**** Collected material ****
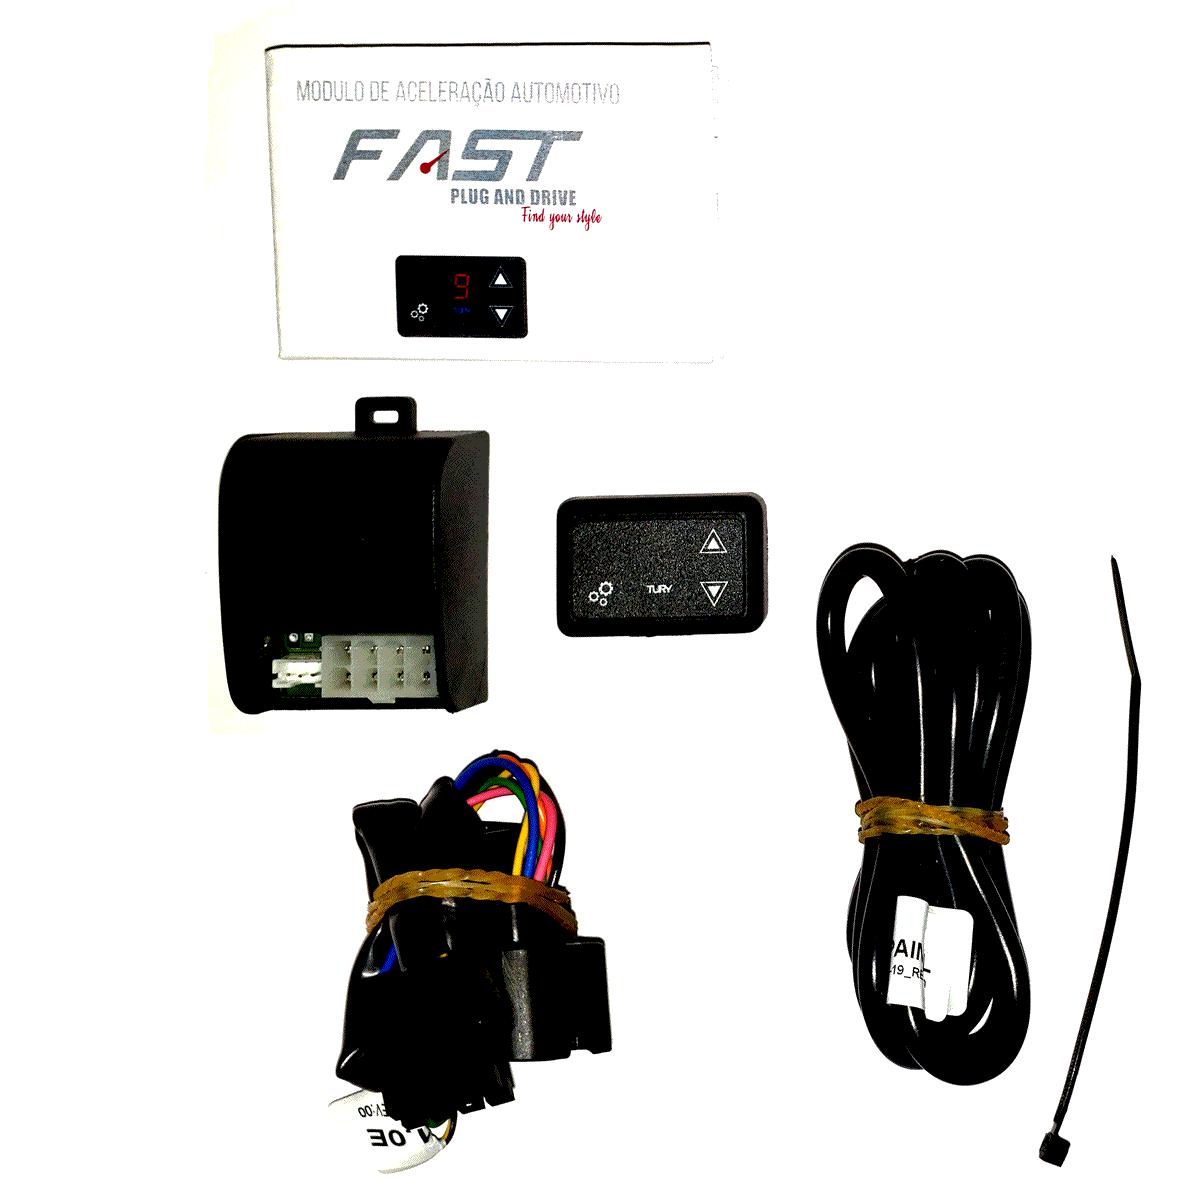 Fast 1.0 M GM Chevrolet Módulo Acelerador Plug & Play
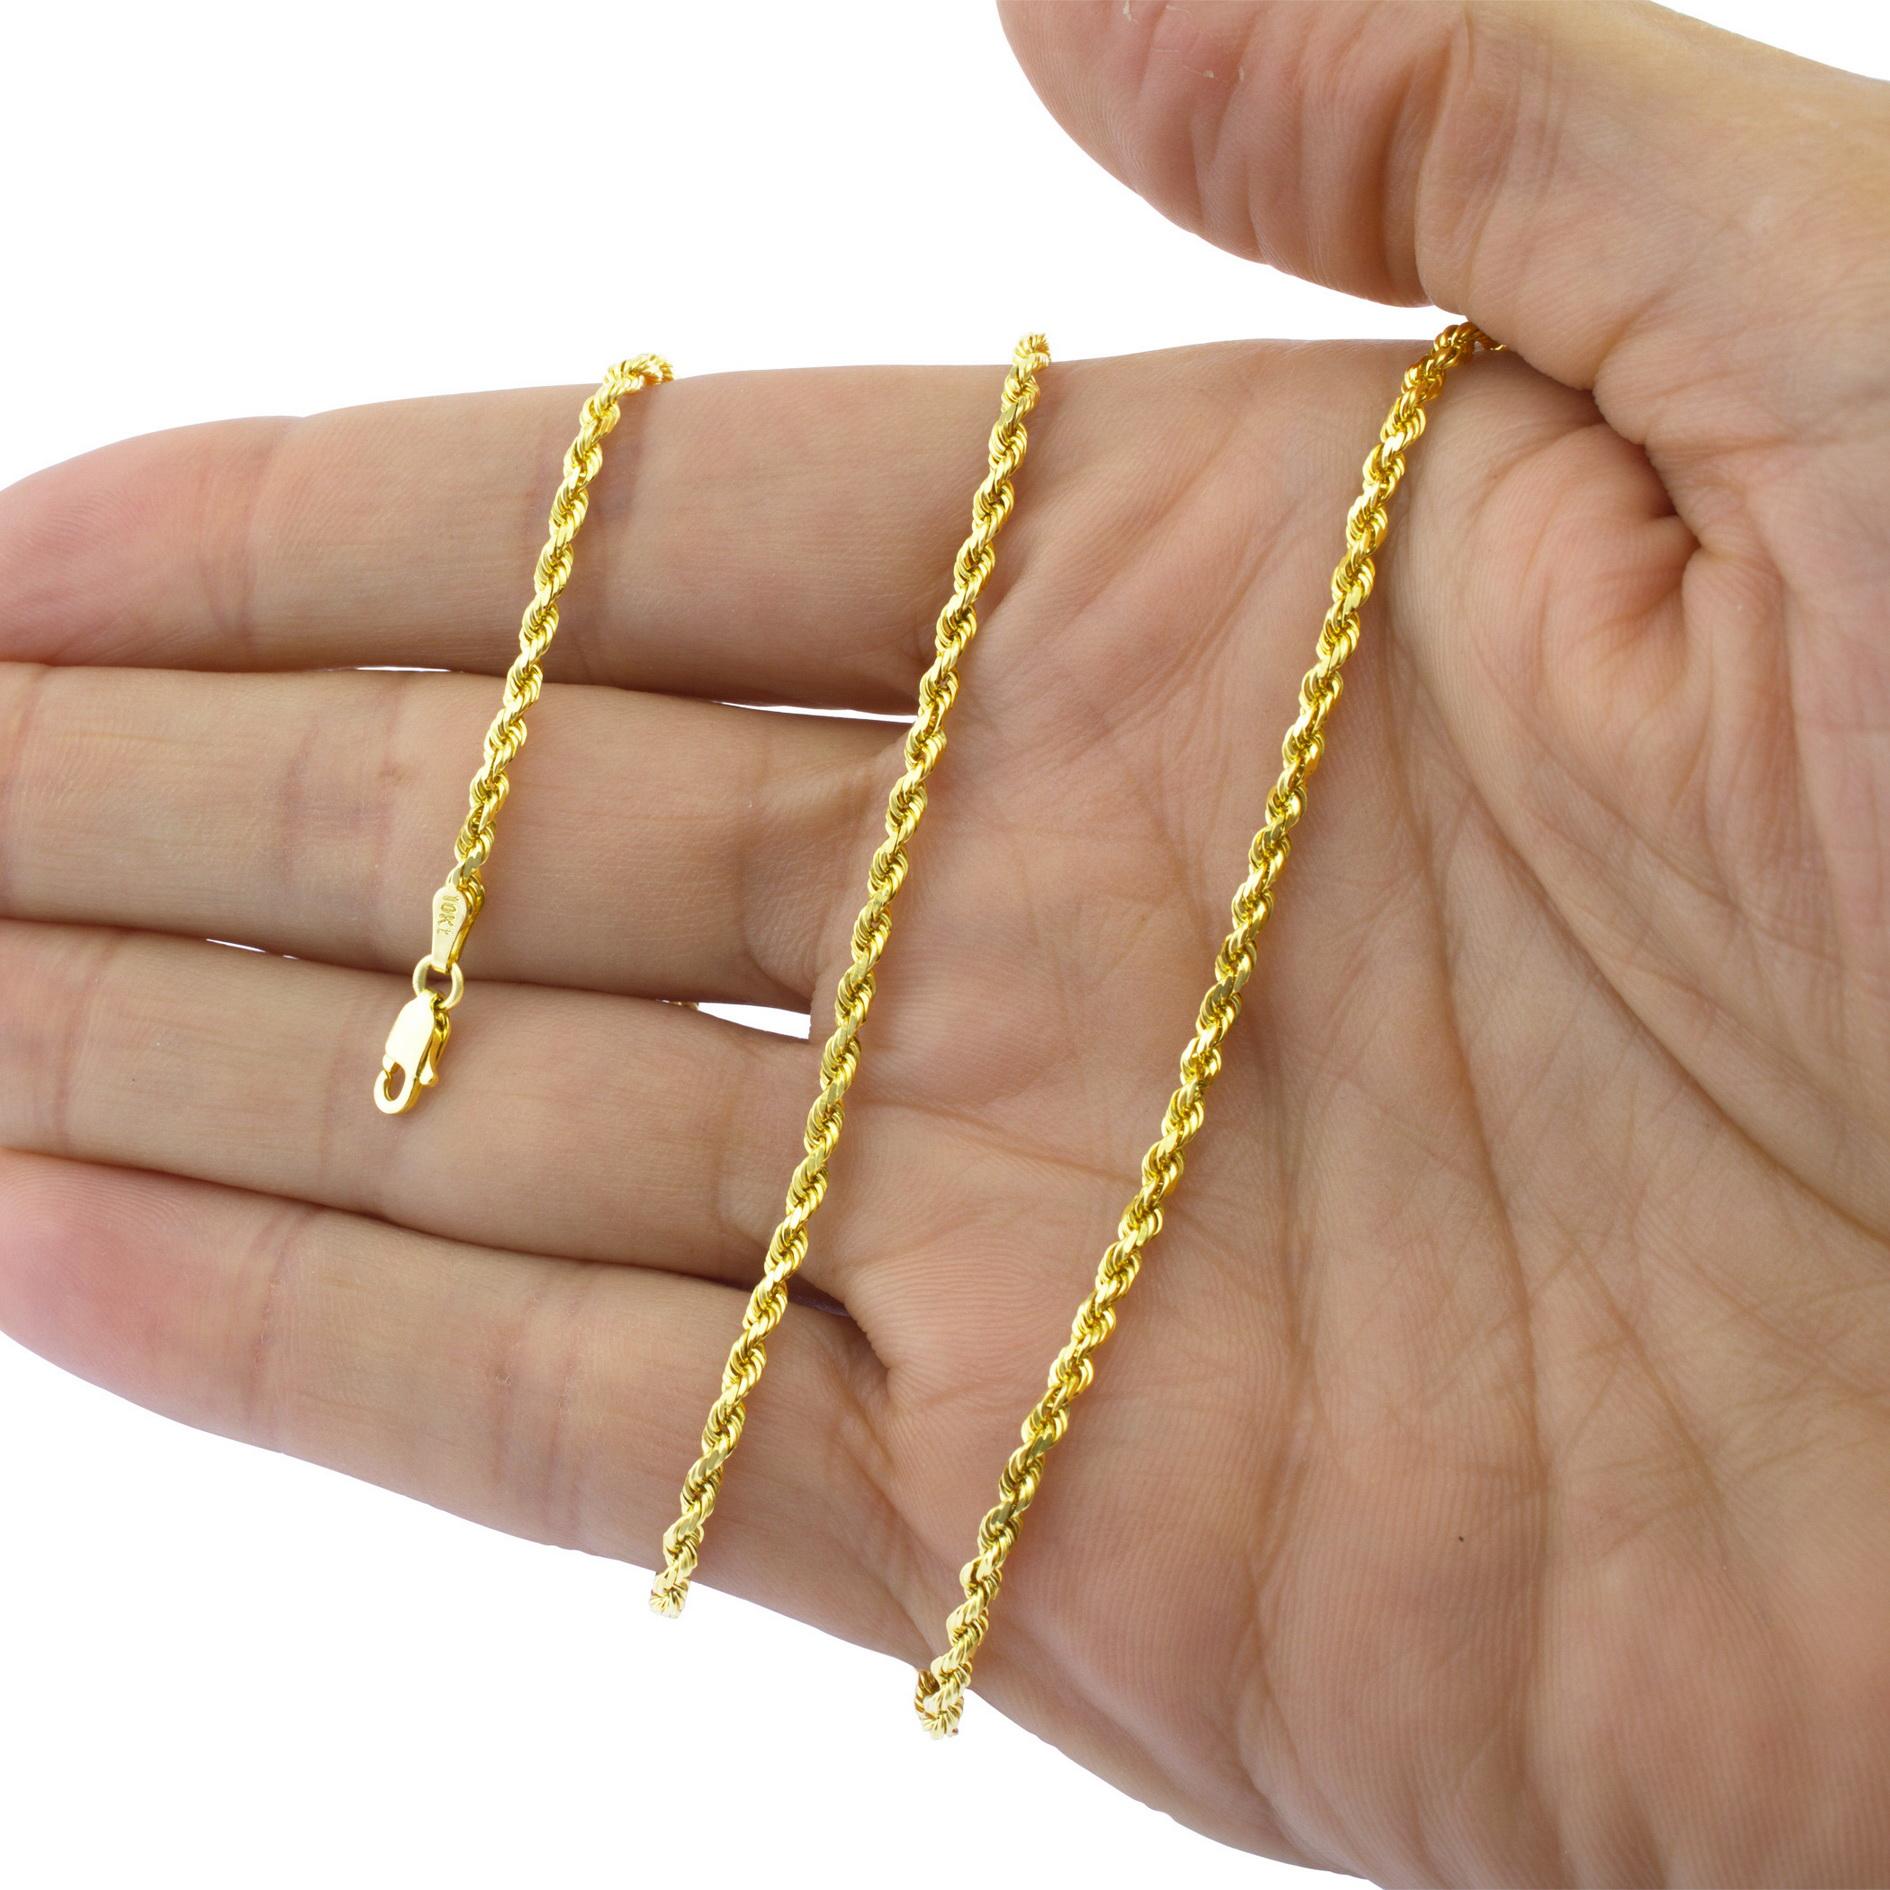 4ce9c955bbef Sólido 10k Oro Amarillo 1mm-10mm Cadena de Cuerda Pulseras Collares ...
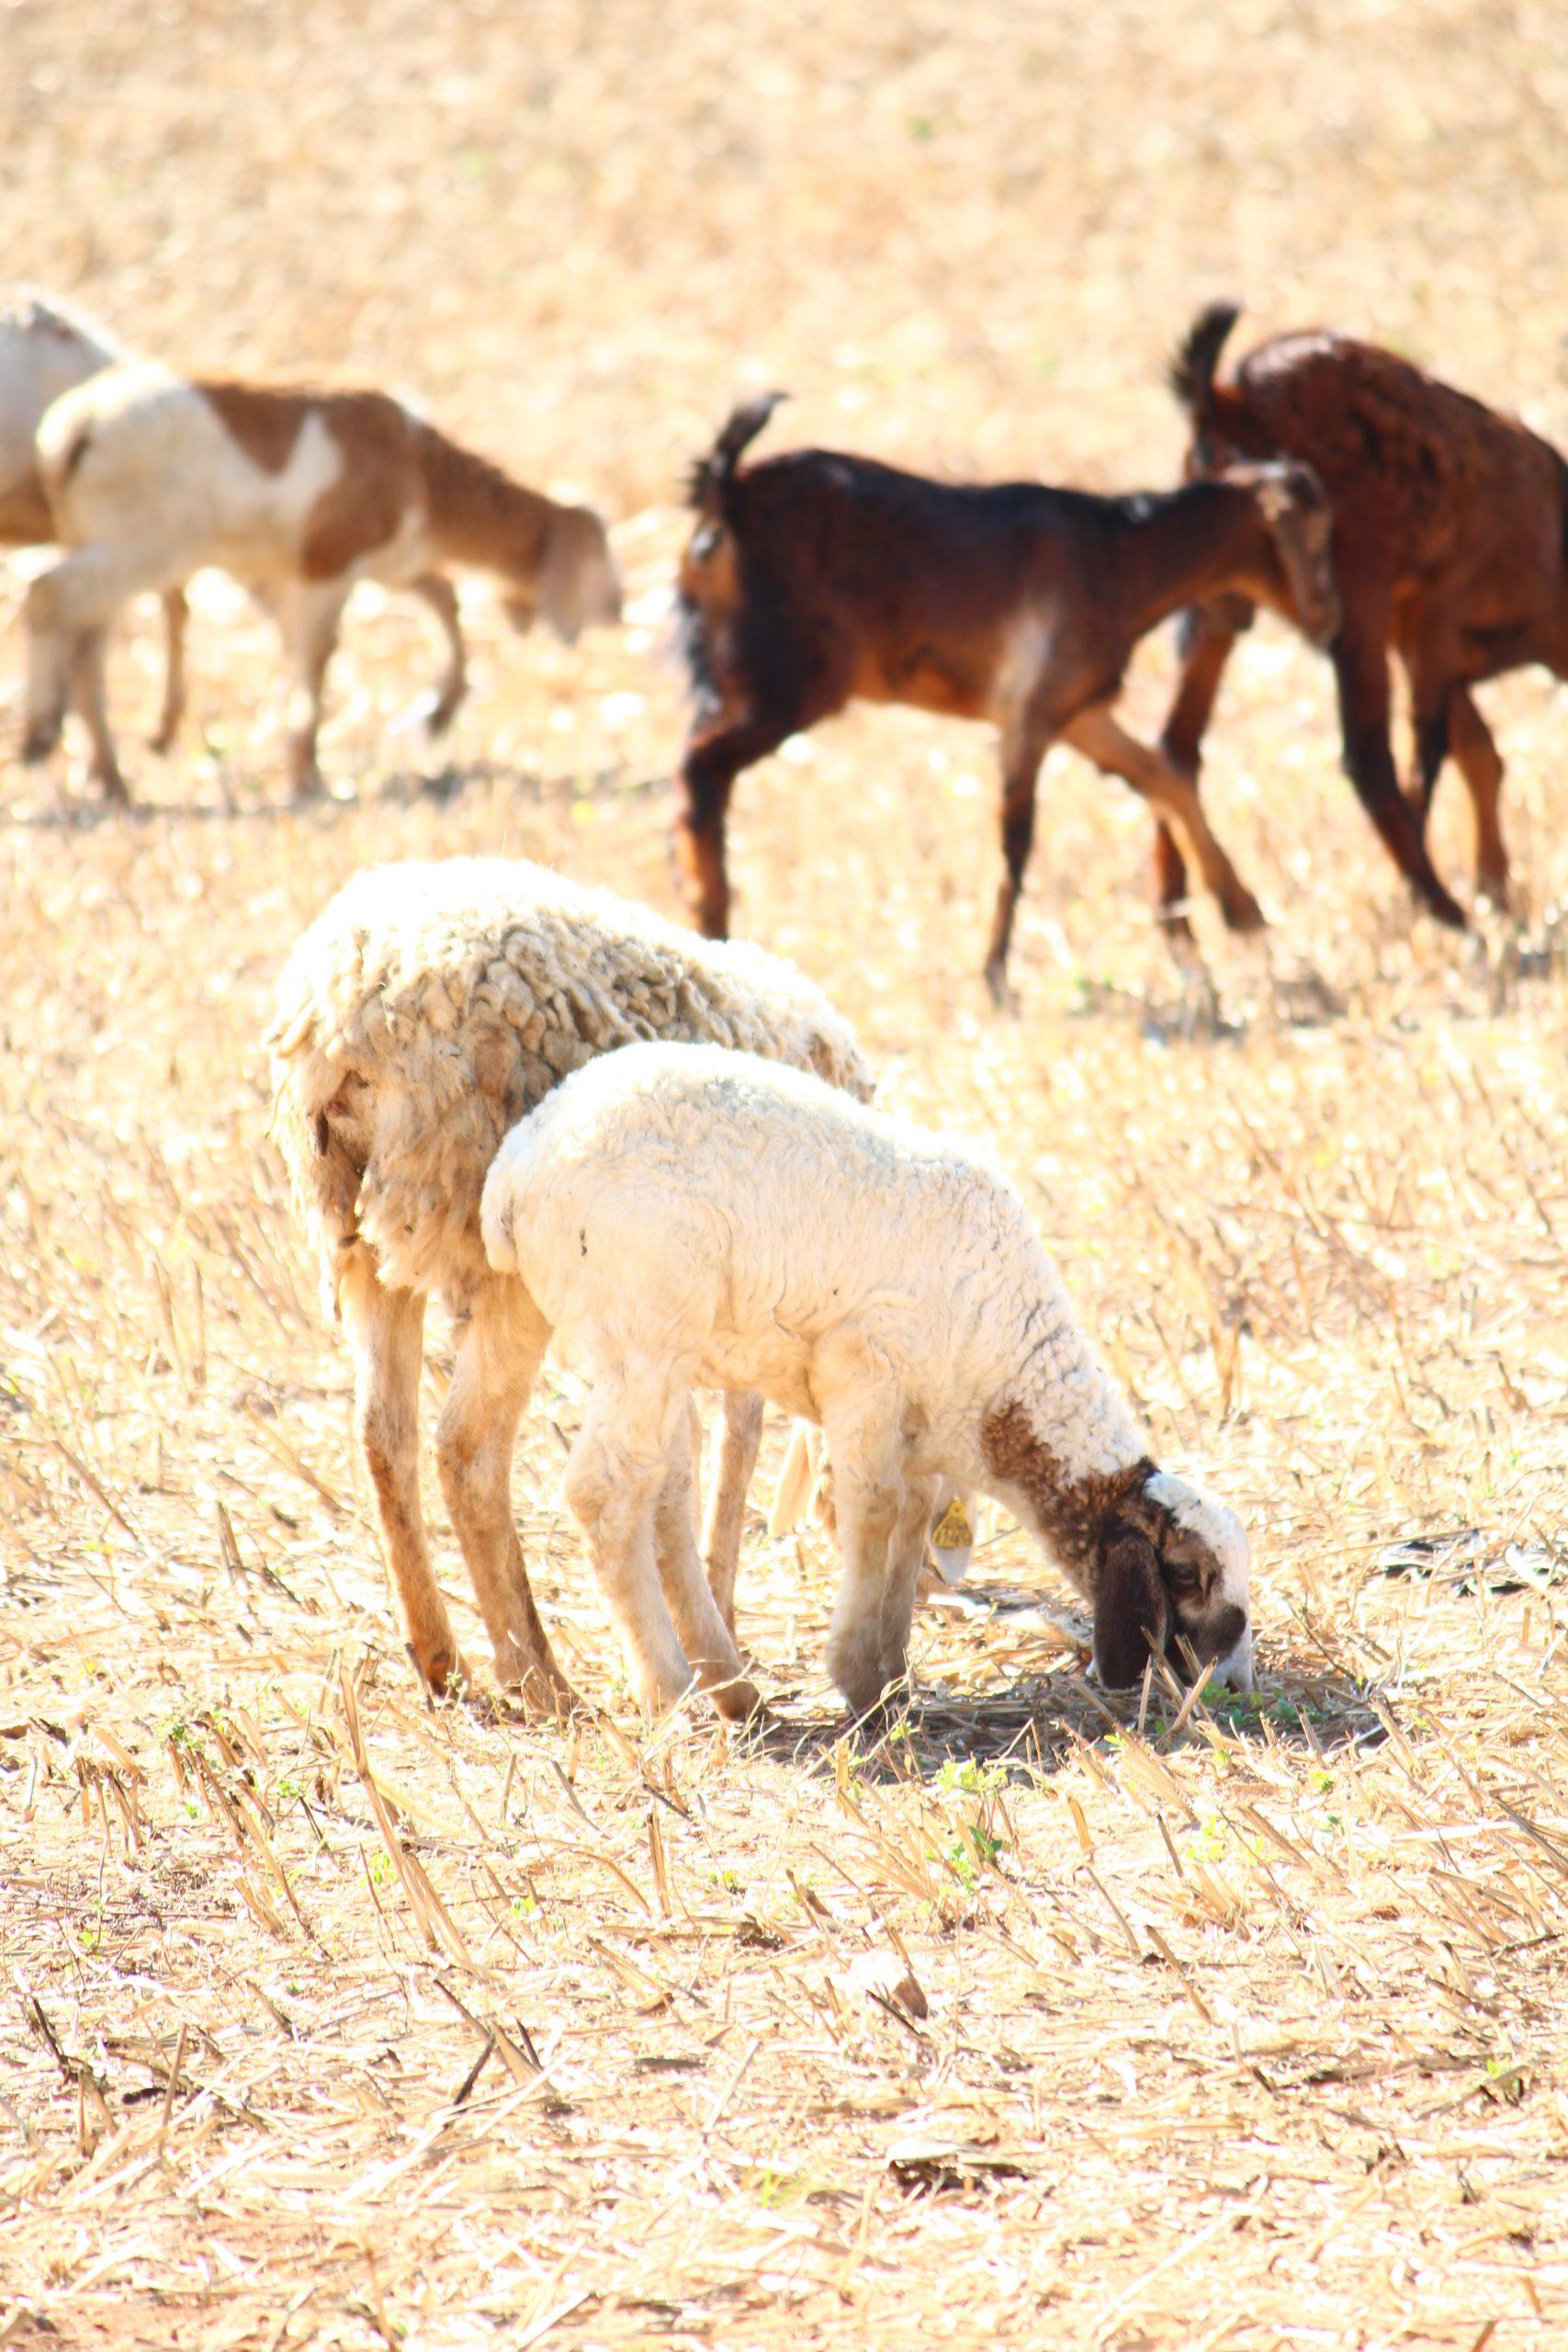 Shepherd grazing in a field
****
Exercise => Copy the lines exactly. Start at the line with "4ce9c955bbef Sólido 10k", end at the last line above, include both, and omit all pictures.

Worked solution =>
 4ce9c955bbef Sólido 10k Oro Amarillo 1mm-10mm Cadena de Cuerda Pulseras Collares ...
 Shepherd grazing in a field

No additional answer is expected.